The portal was a hard, fiber-bound black synthetic with the Tollamune sigil in the middle, and oval—twelve feet tall by six feet across at the widest point, which meant it was designed to swing on a hinge, rather than roll sideways. The handles molded into the surface meant that it was designed to open outward; probably the door itself was beveled to mate with its surround, so that pushing on it merely transferred the strain to the frame and then the solid poured stone of the foundations.

He touched it, and it felt massive, with that underlying solidity you only got with big blocks of masonry and things like bank vaults. The seal with the edges was good enough that there probably wasn’t any sand in the chamber beyond.

“Yes,” the engineer said, completing her examination. “The sensor is centrally located, below the Imperial symbol. Contemporary practice would put it to one side, near the hinge.”

She took a small, heavy, edged tool from her harness and struck the surface three times. A plate swung down, hanging open from interior hinges at the bottom; it still swung freely after all this time.

Within was a shallow depression; looking closely, Jeremy saw that it was lined with some shiny, dark-brown substance.

“This would have been the identity sensor,” she said.

Back home on Earth, they’d been talking about using DNA for identification for a while—they called it biometric ID—but apart from some forensics work they hadn’t gotten around to it. It wasn’t as if there were many places you had to check people’s ID, after all. Not in the Free World, at least, where even passports were falling out of use; in the paranoid EastBloc you even had to show an identity card to get on a domestic flight. But this was the equivalent of a bank vault—or a secret lab at Los Alamos—so he supposed it made sense.

Hmmm. Or perhaps it was just their equivalent of a key and lock system.

“What’s the actual locking mechanism?” he asked.

Baid shrugged. “This is quite old, and so might be nonstandard. In a modern system, it would be cylindrical bolts working by air pressure in matching holes in the door and in the jamb opposite the hinge. If it was a very redundant system, there would also be bolts in the wall above and below the door. It might be an active system, with the rods retraced when the mechanism was not activated. In that case—”

She tugged hard on the door, with as much effect as pulling at a fifty-ton boulder.

“-it would open. If a passive system, the sensor would open a valve to retract the locking rods. In that case, they are still in place, and cannot be moved because the pressure system is long decayed. I confess bafflement. This material is too refractory to be dissolved easily, and even a highly powered adamantium-tipped drill would require prolonged effort.”

“Is there likely to be anything immediately behind the door?” Jeremy asked.

He was already wincing inside; this was tomb-robbing with a vengeance.

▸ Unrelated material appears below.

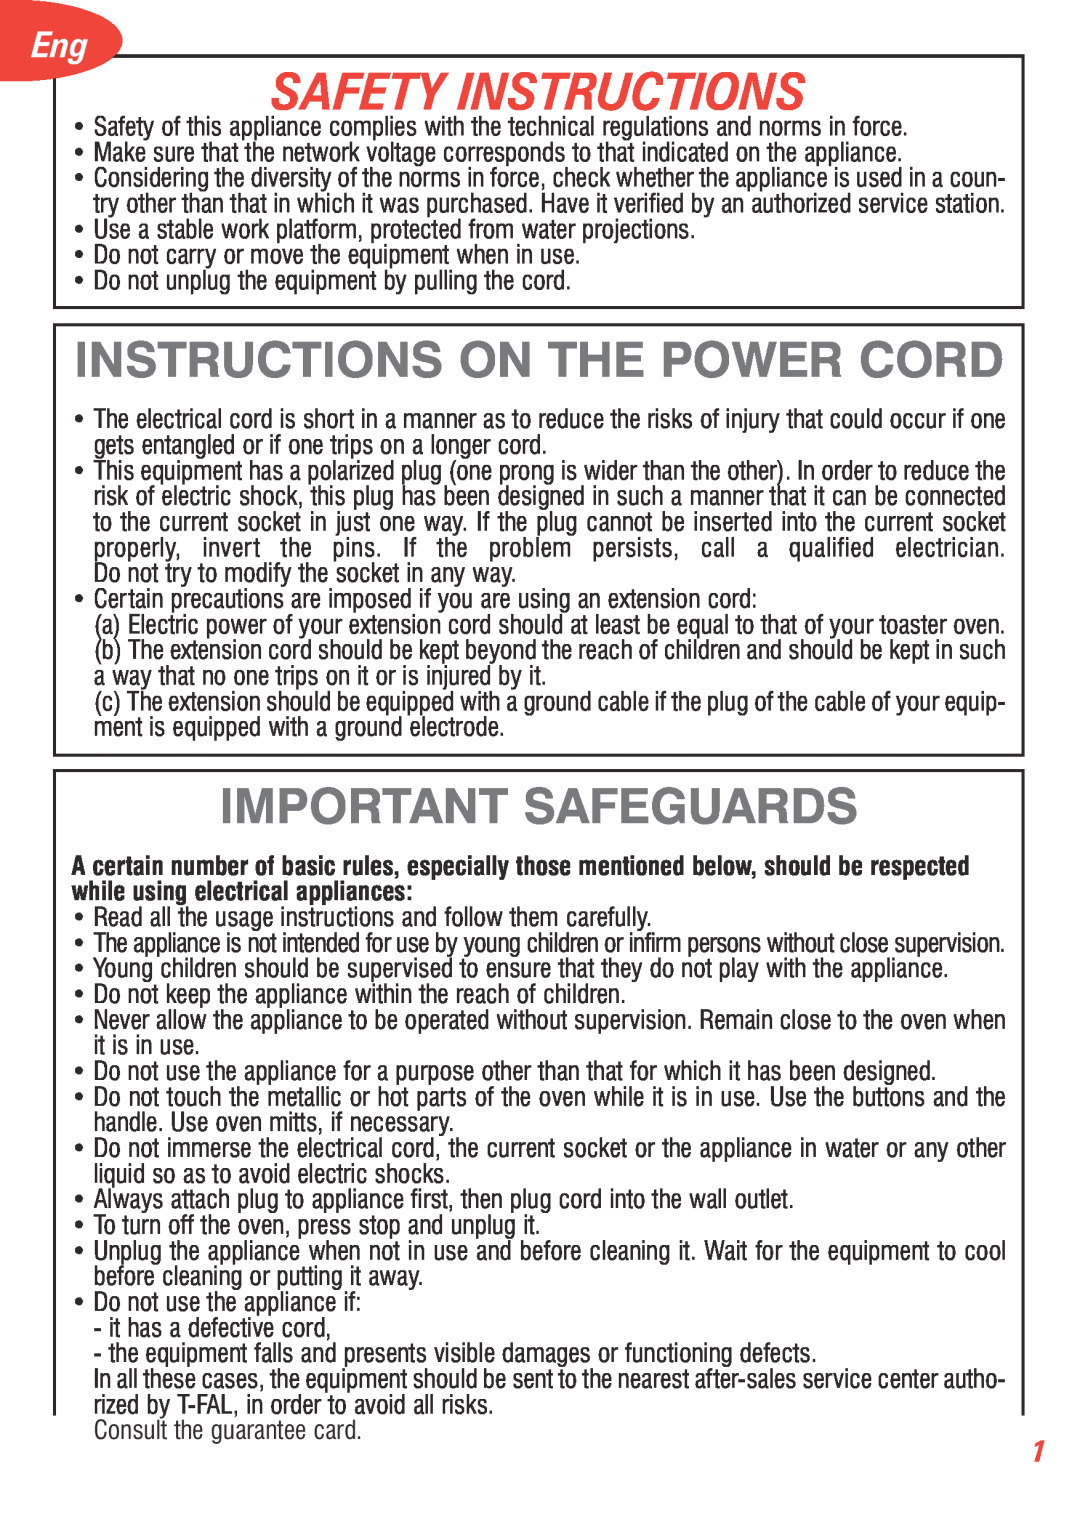 T-Fal 5252 manual Safety Instructions, Instructions On The Power Cord, Important Safeguards 
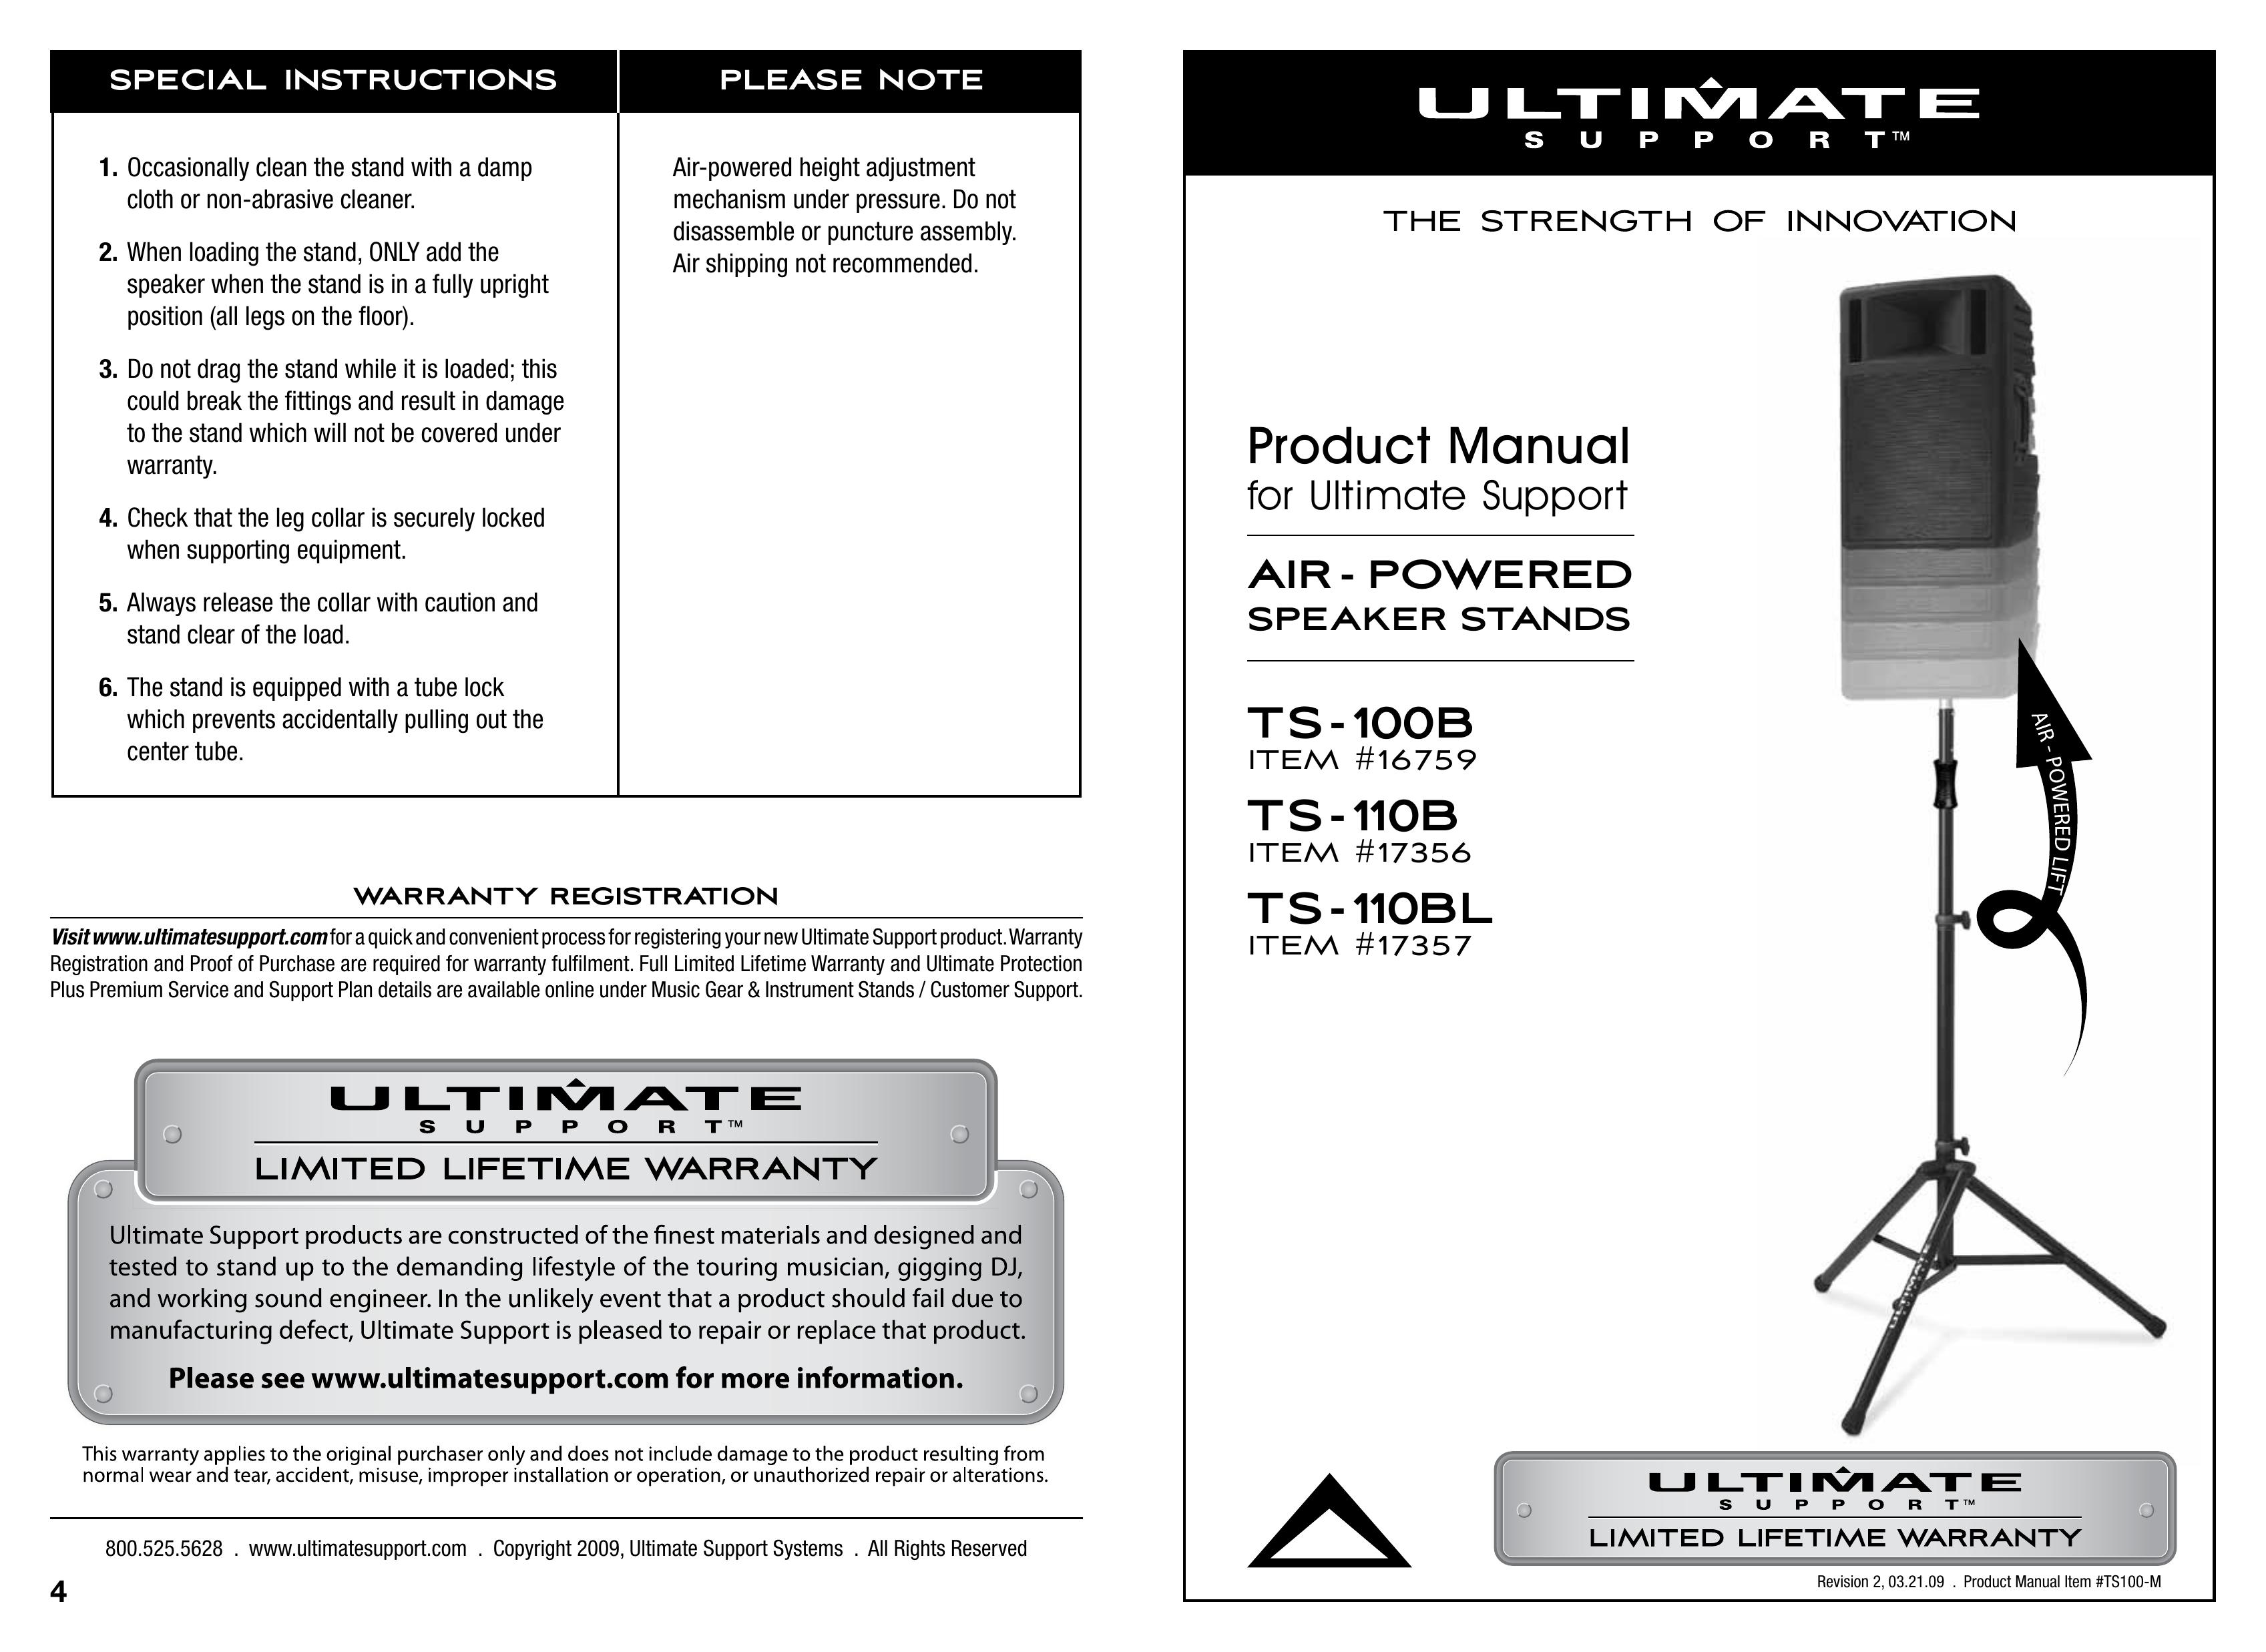 Ultimate Support Systems TS-110BL Water Dispenser User Manual

“No,” Baid said. “Typically, there would be a section of corridor beyond the door.”

She looked at Teyud, and the Thoughtful Grace nodded. “That was the usual pattern in the Imperial era as well.”

“I have something that might… that with a reasonable degree of probability might… solve this problem,” Jeremy said.

The Martians looked at him, doing that disconcerting double blink. He found it a bit less eerie after waking up for a while with an example beside him on the pillow. He went on:

“It’s called plastique.”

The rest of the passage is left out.